ACTIVITY | The response should consist only of the lines from the one with "Human Neck Bones And Muscle" to the end of the data below, copied exactly and without pictures.

INPUT DATA |
+ + + + + + +

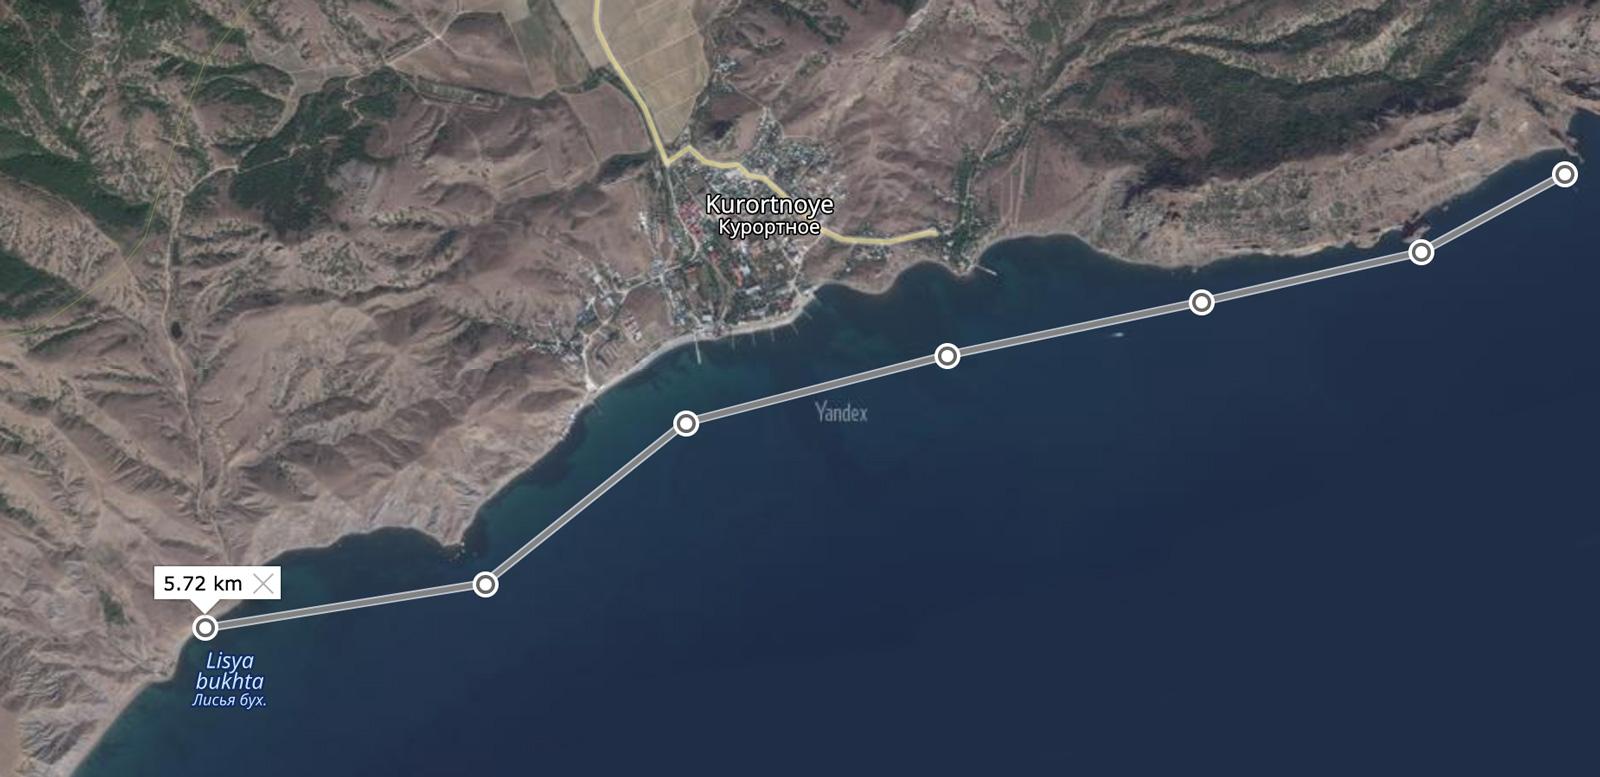 julia-karpacheva-paddleboarding-russia-black-sea-paddle-gps-map-route
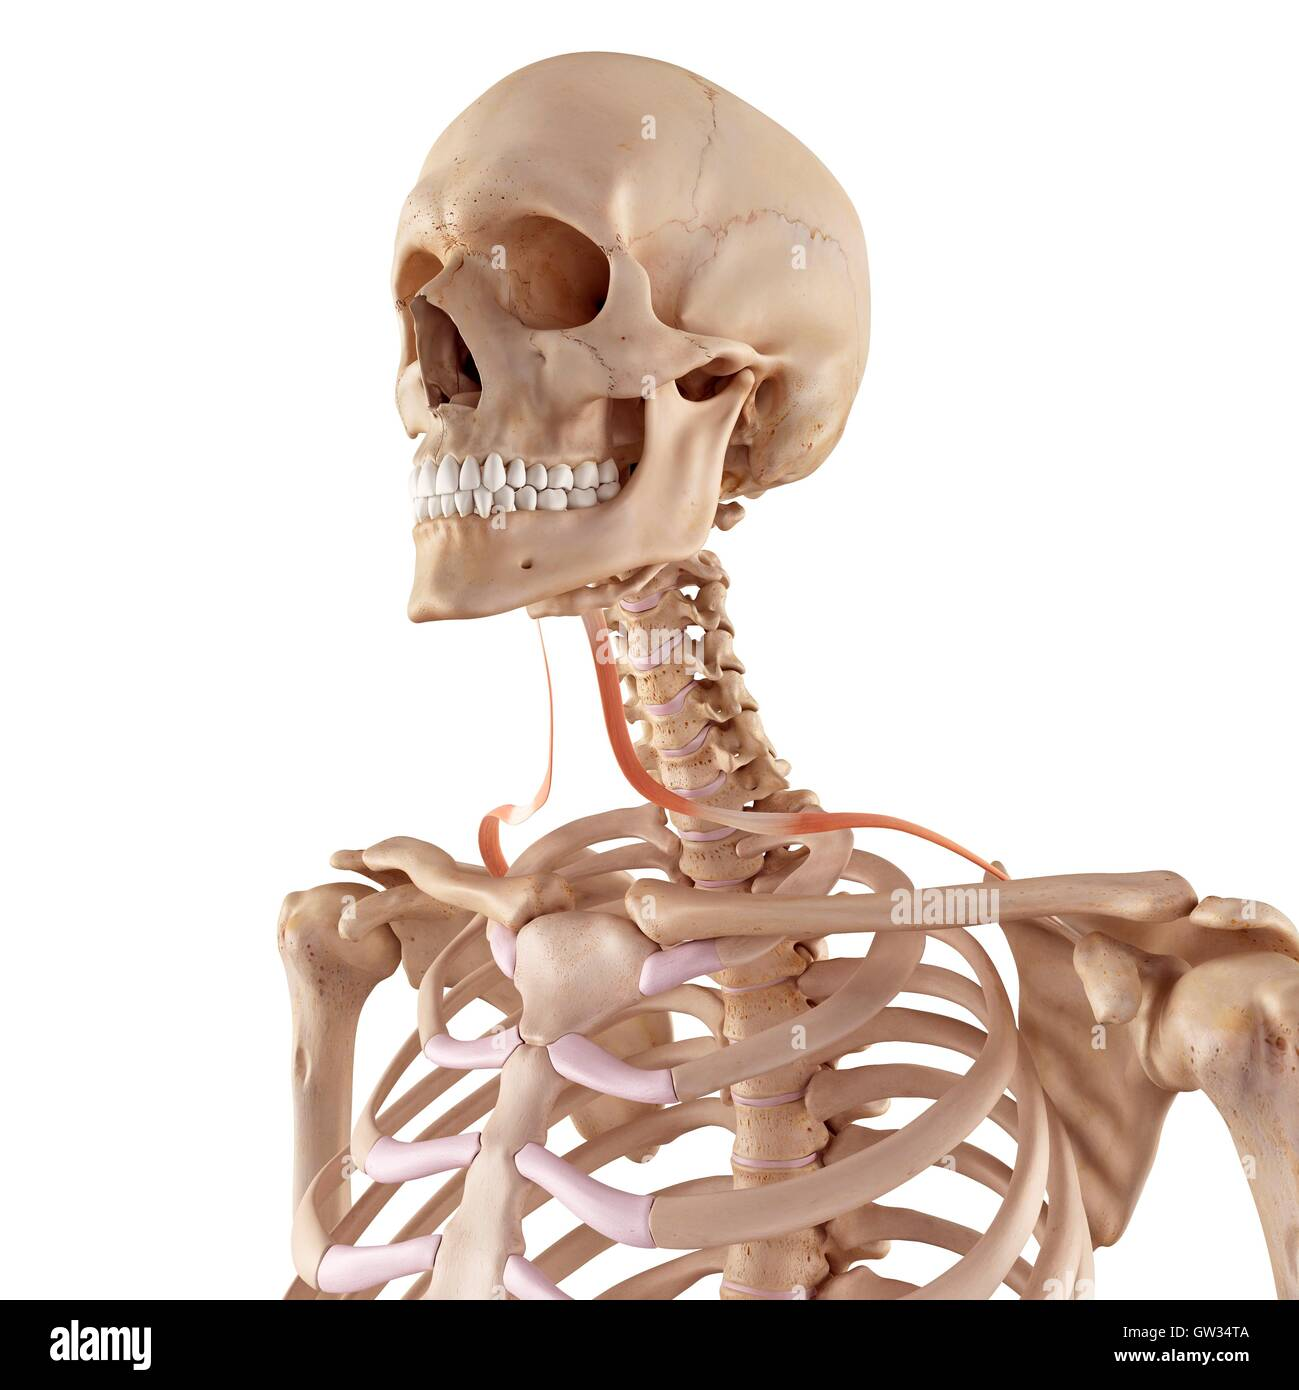 Human Neck Bones And Muscle Stock Photos Human Neck Bones And
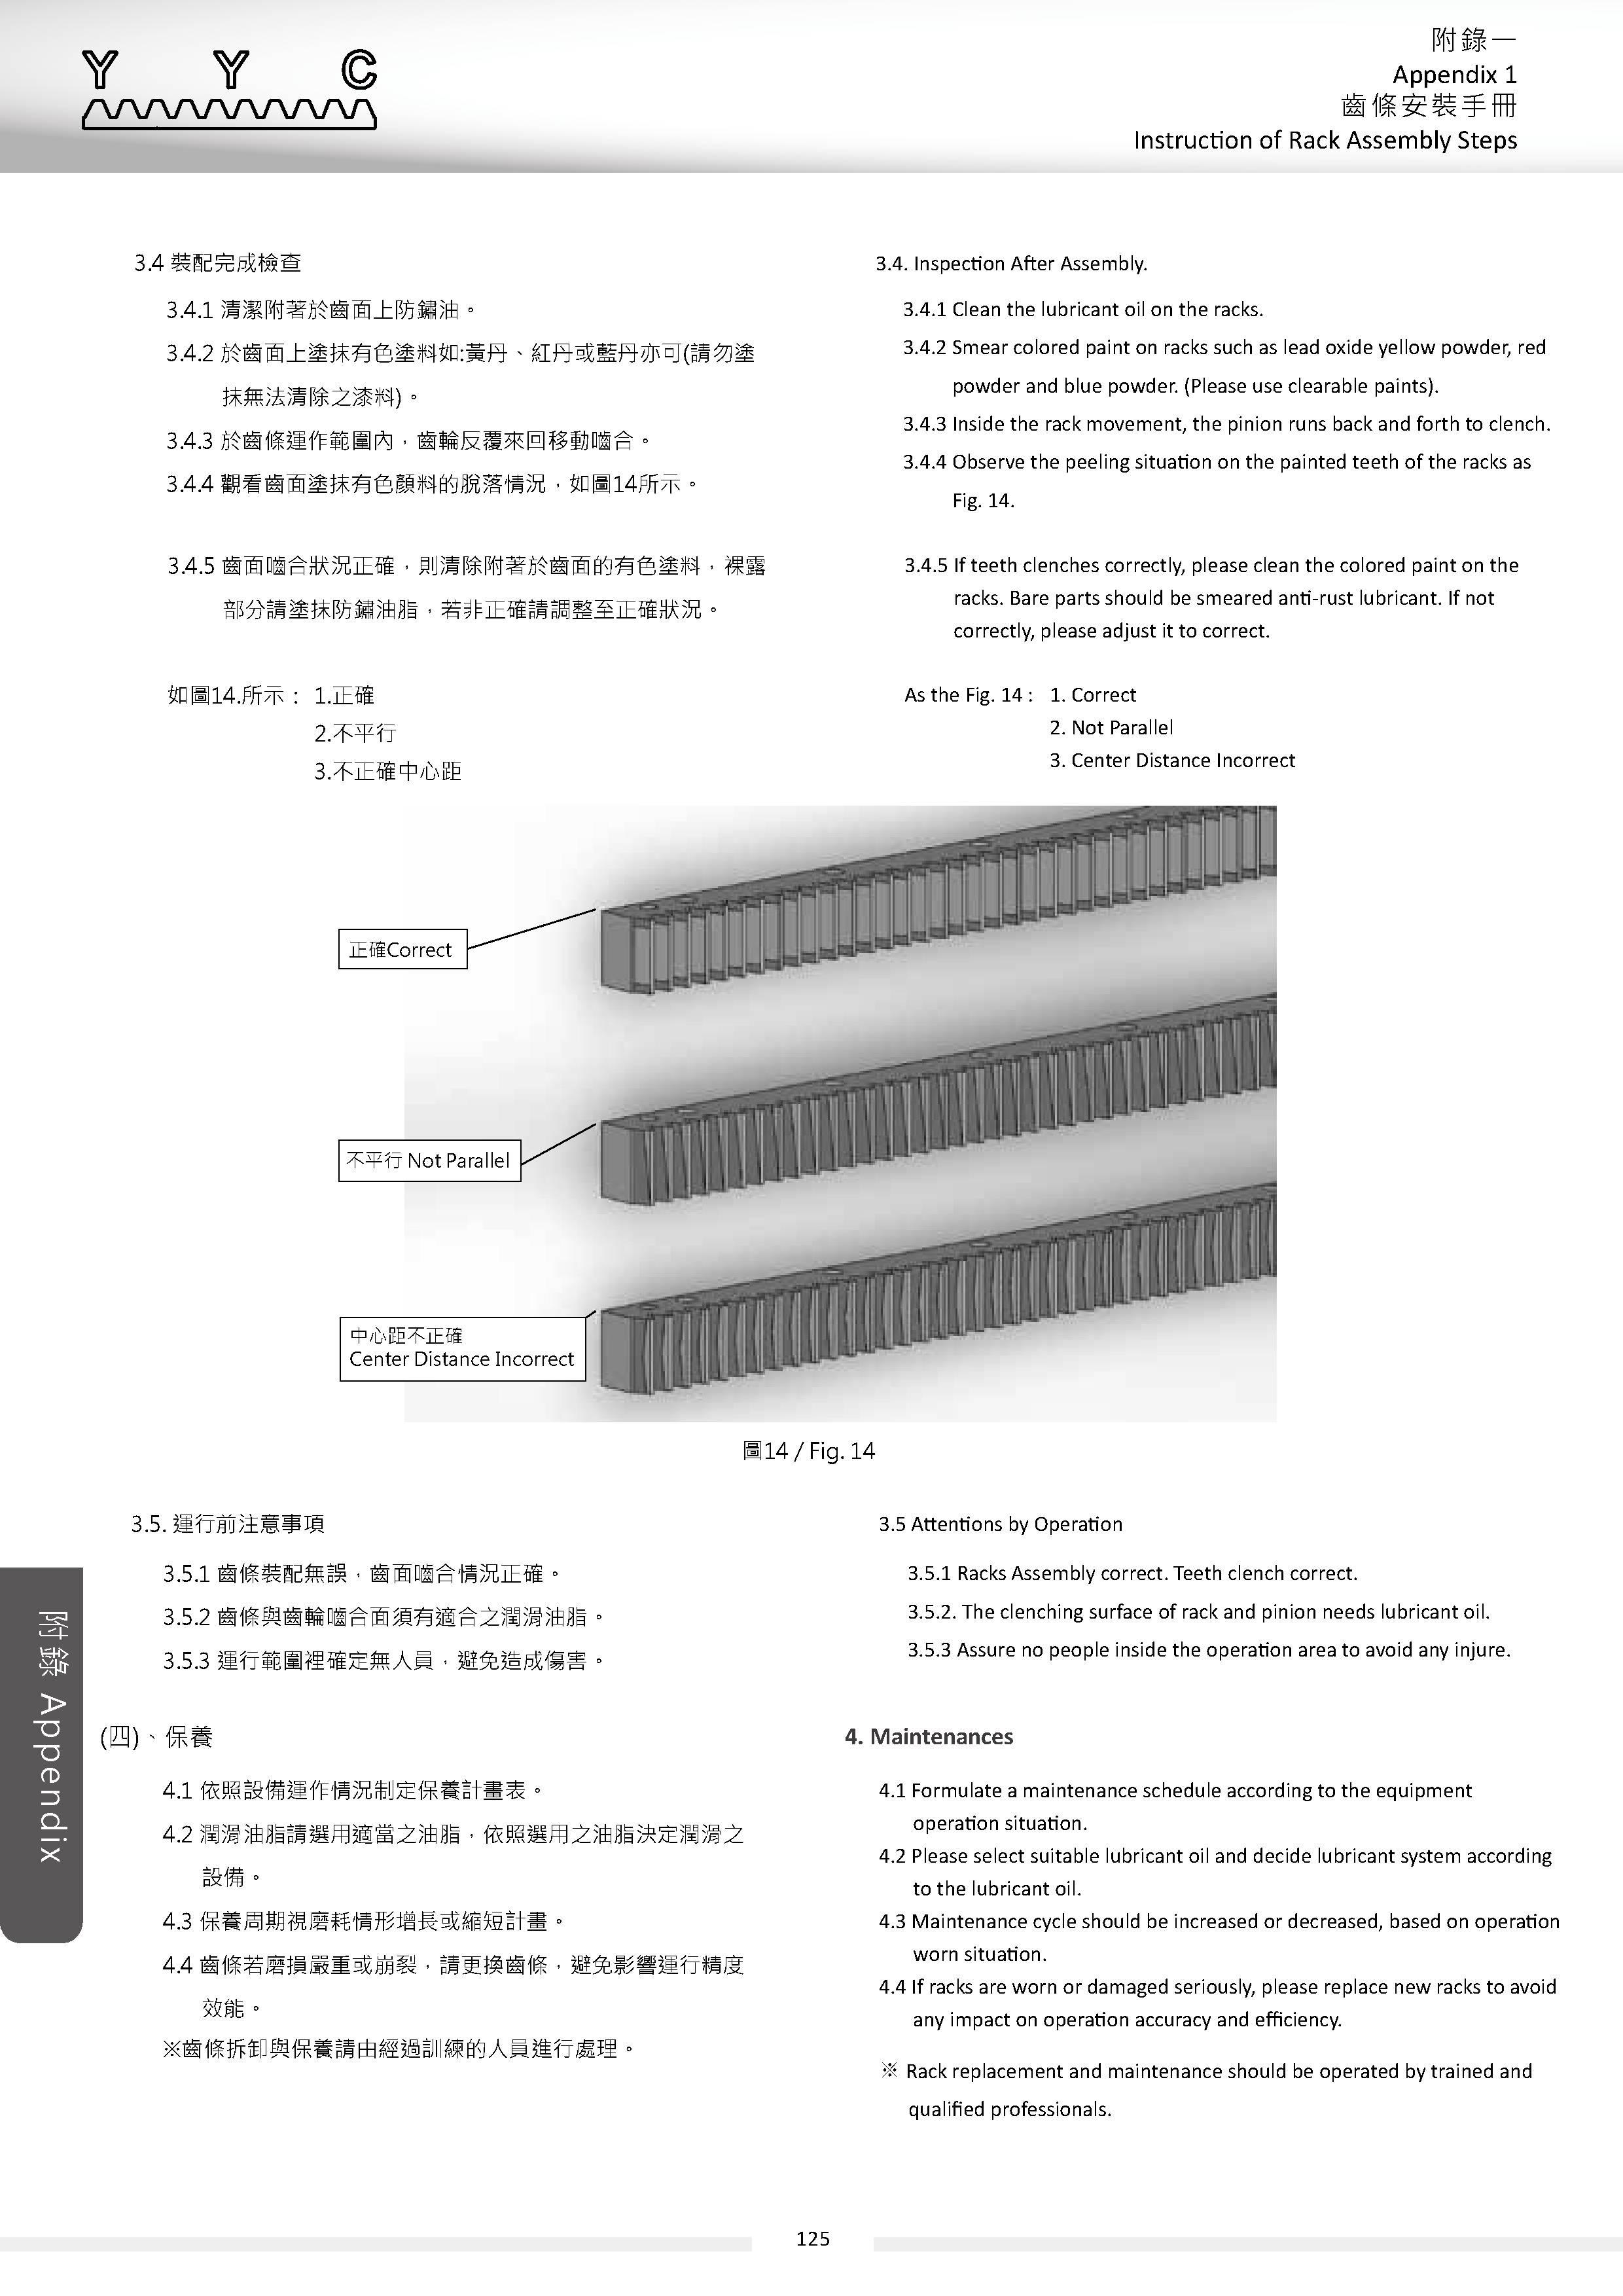 Instruction of Rack Assembly Steps 齒條安裝手冊7

+ + + + + + +

EXERCISE RESPONSE |
 Human Neck Bones And Muscle Stock Photos Human Neck Bones And
 Instruction of Rack Assembly Steps 齒條安裝手冊7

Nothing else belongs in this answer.